ASSIGNMENT: Output the full listing below exactly as it reads, and skip anything that is a picture.

MATERIAL PROVIDED:

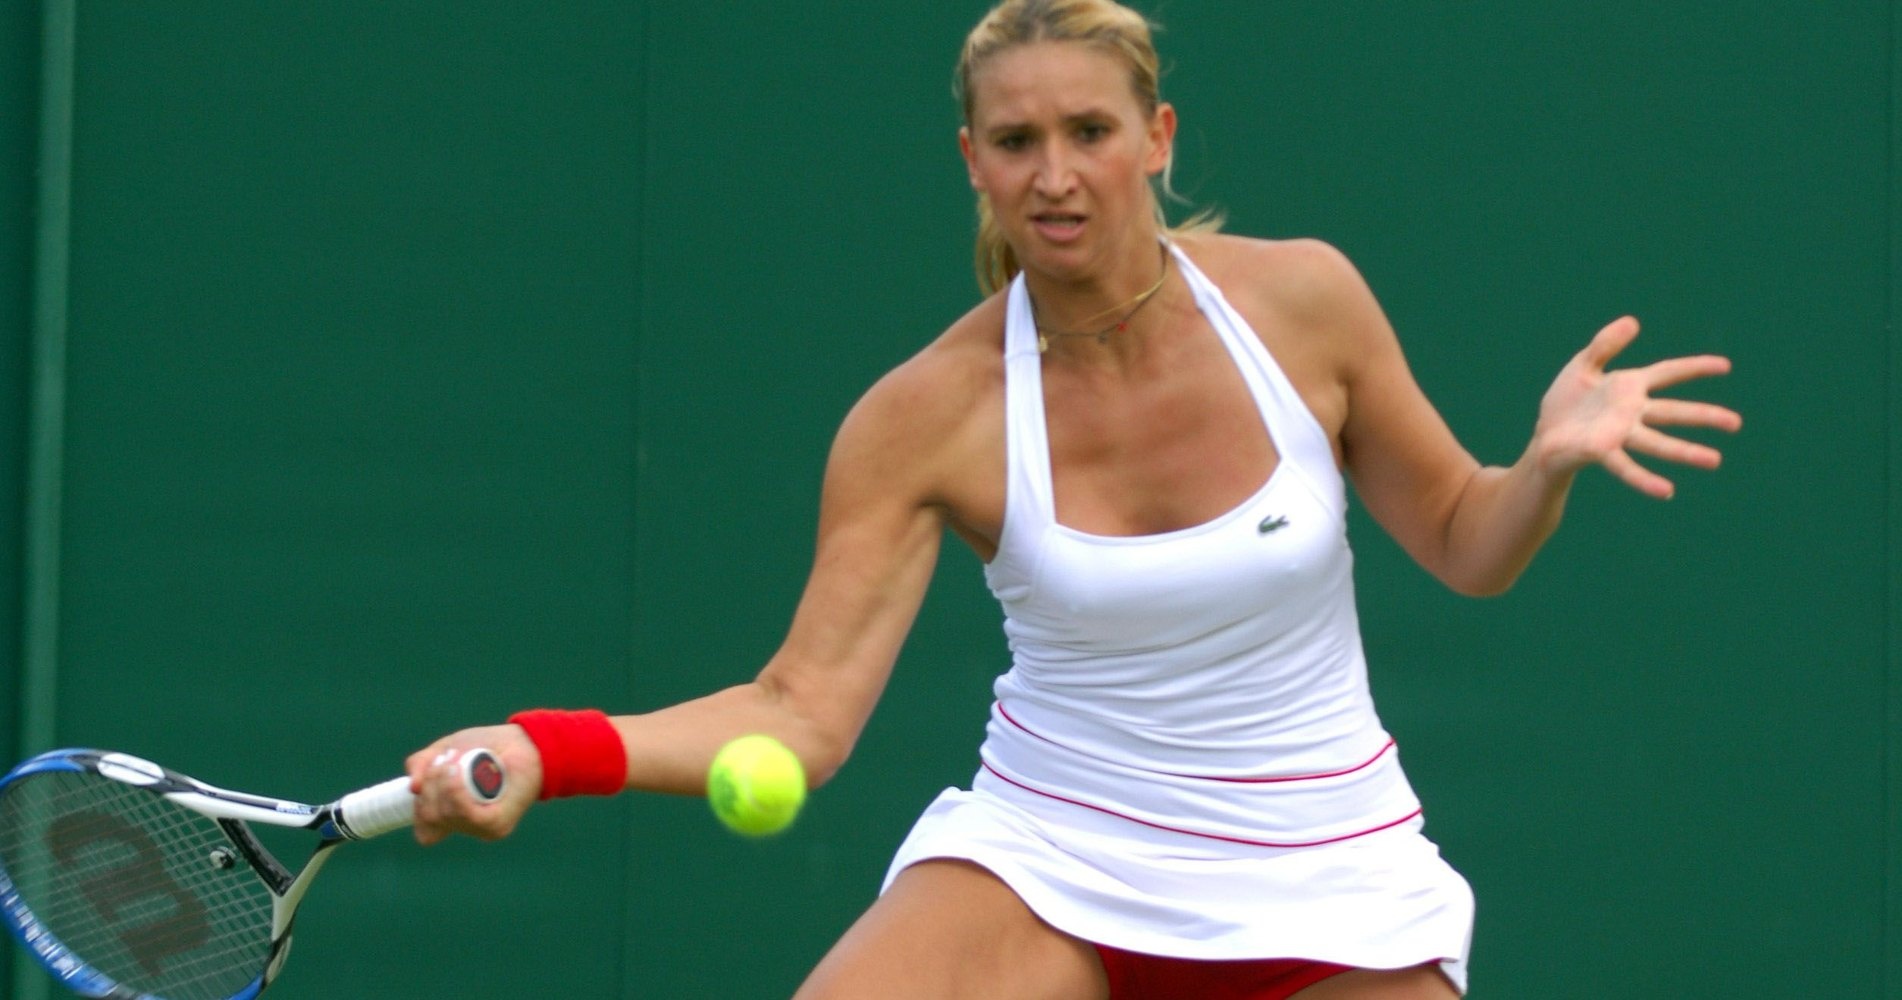 Is it acceptable if my panties are visible while I play tennis? - Quora
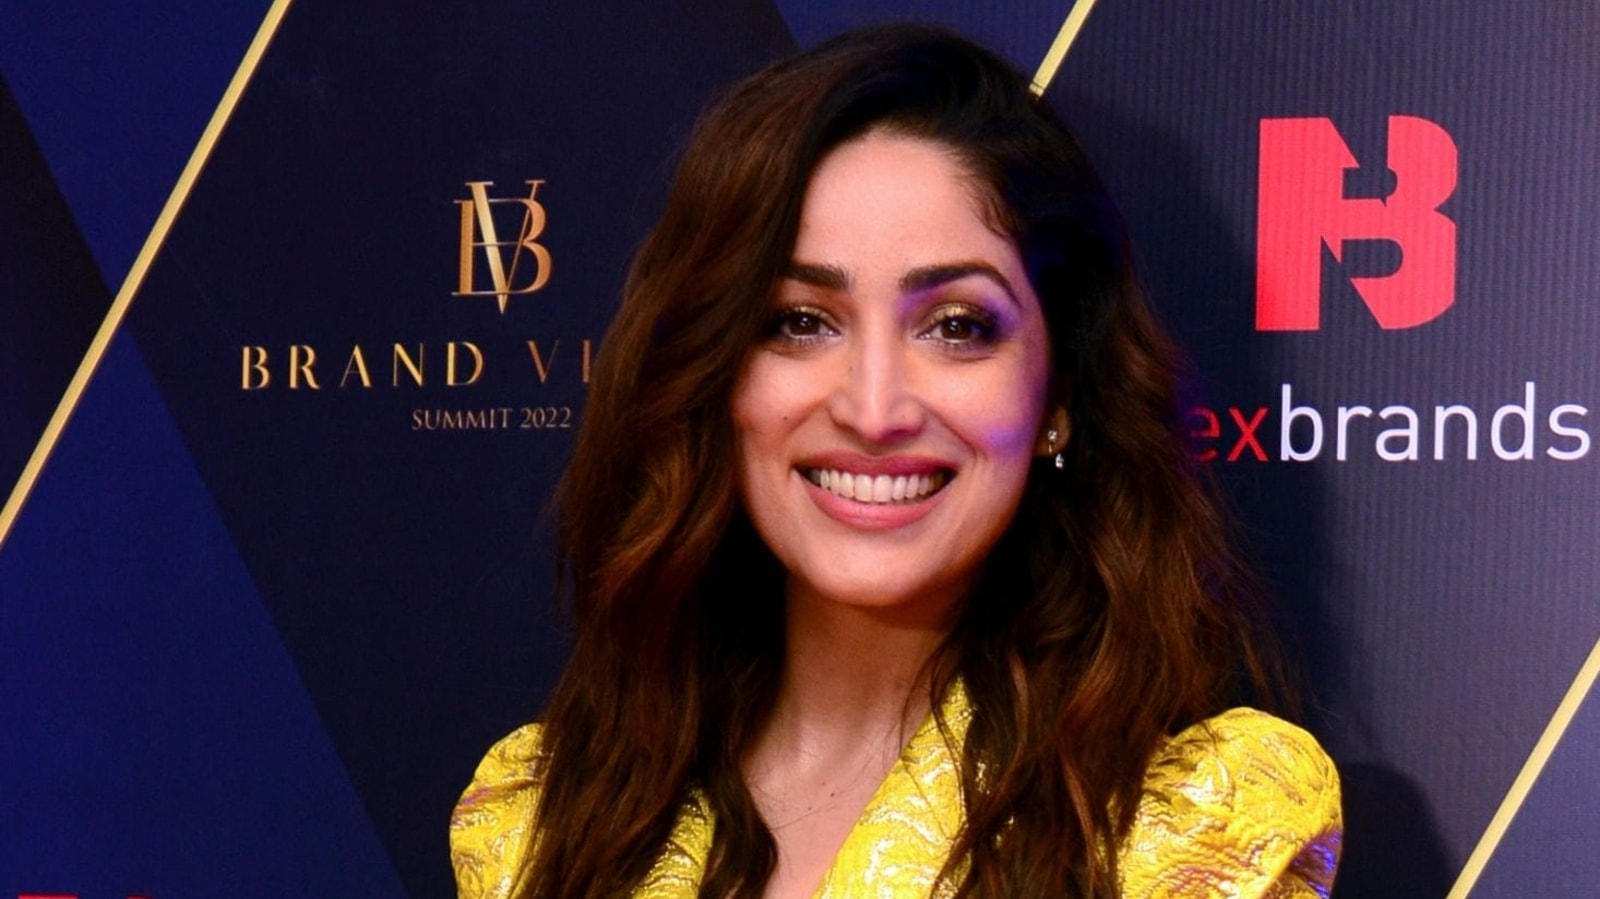 yami-gautam-feels-change-is-happening-as-she-talks-about-nepotism-in-bollywood
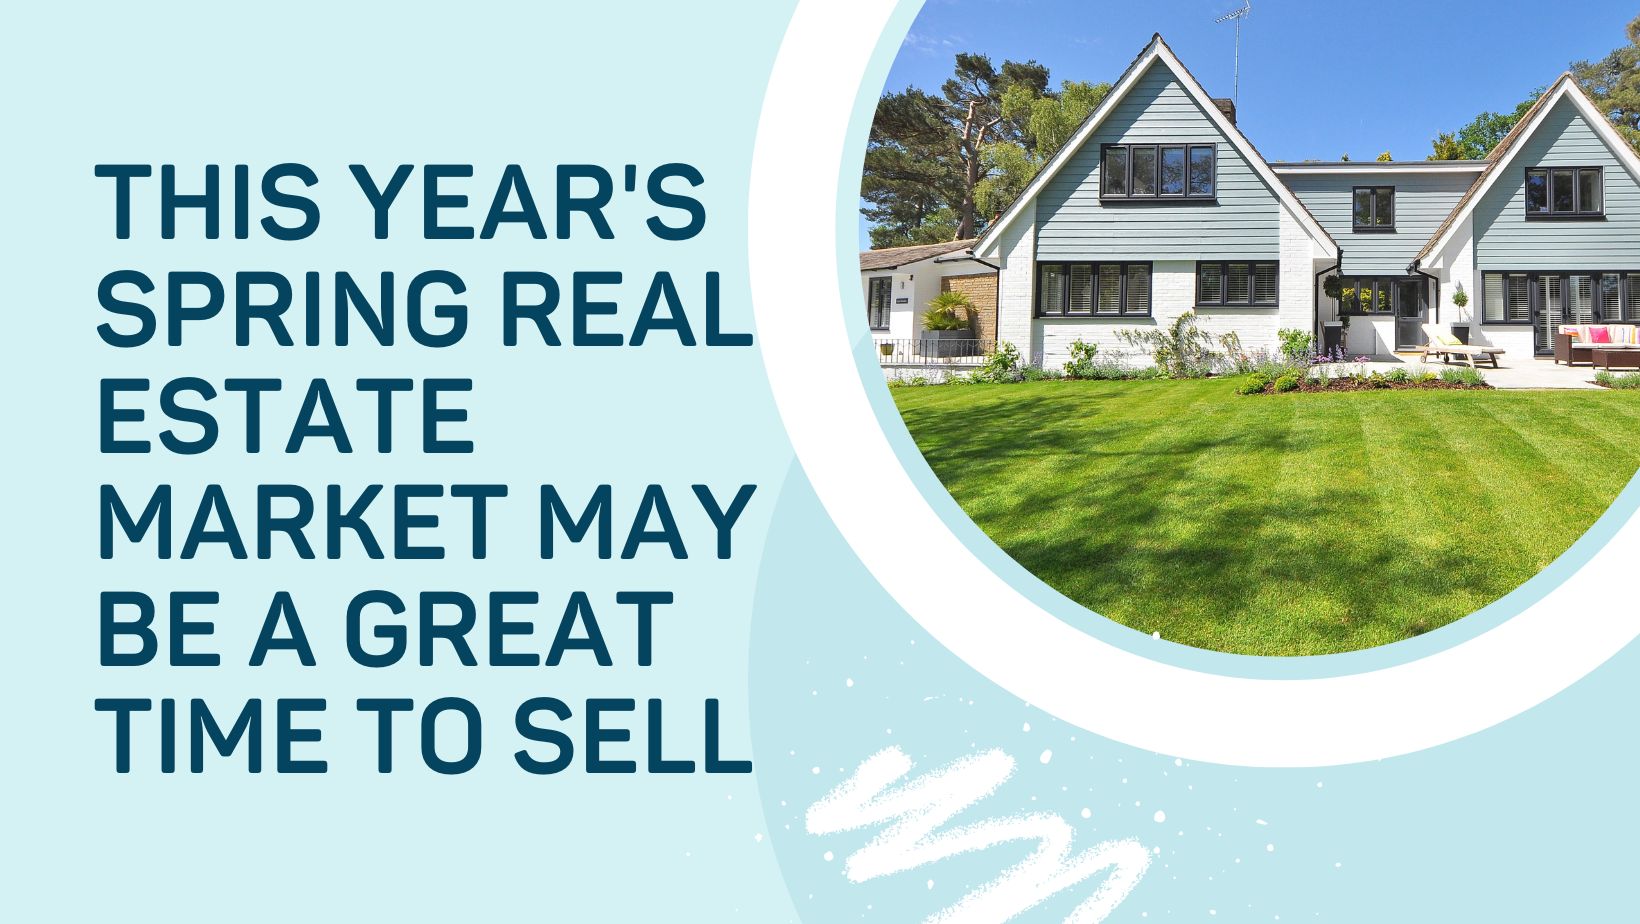 This Year's Spring Real Estate Market May Be a Great Time to Sell

RESPONSE TO THIS EXERCISE:
 Is it acceptable if my panties are visible while I play tennis? - Quora
 yami-gautam-feels-change-is-happening-as-she-talks-about-nepotism-in-bollywood
 This Year's Spring Real Estate Market May Be a Great Time to Sell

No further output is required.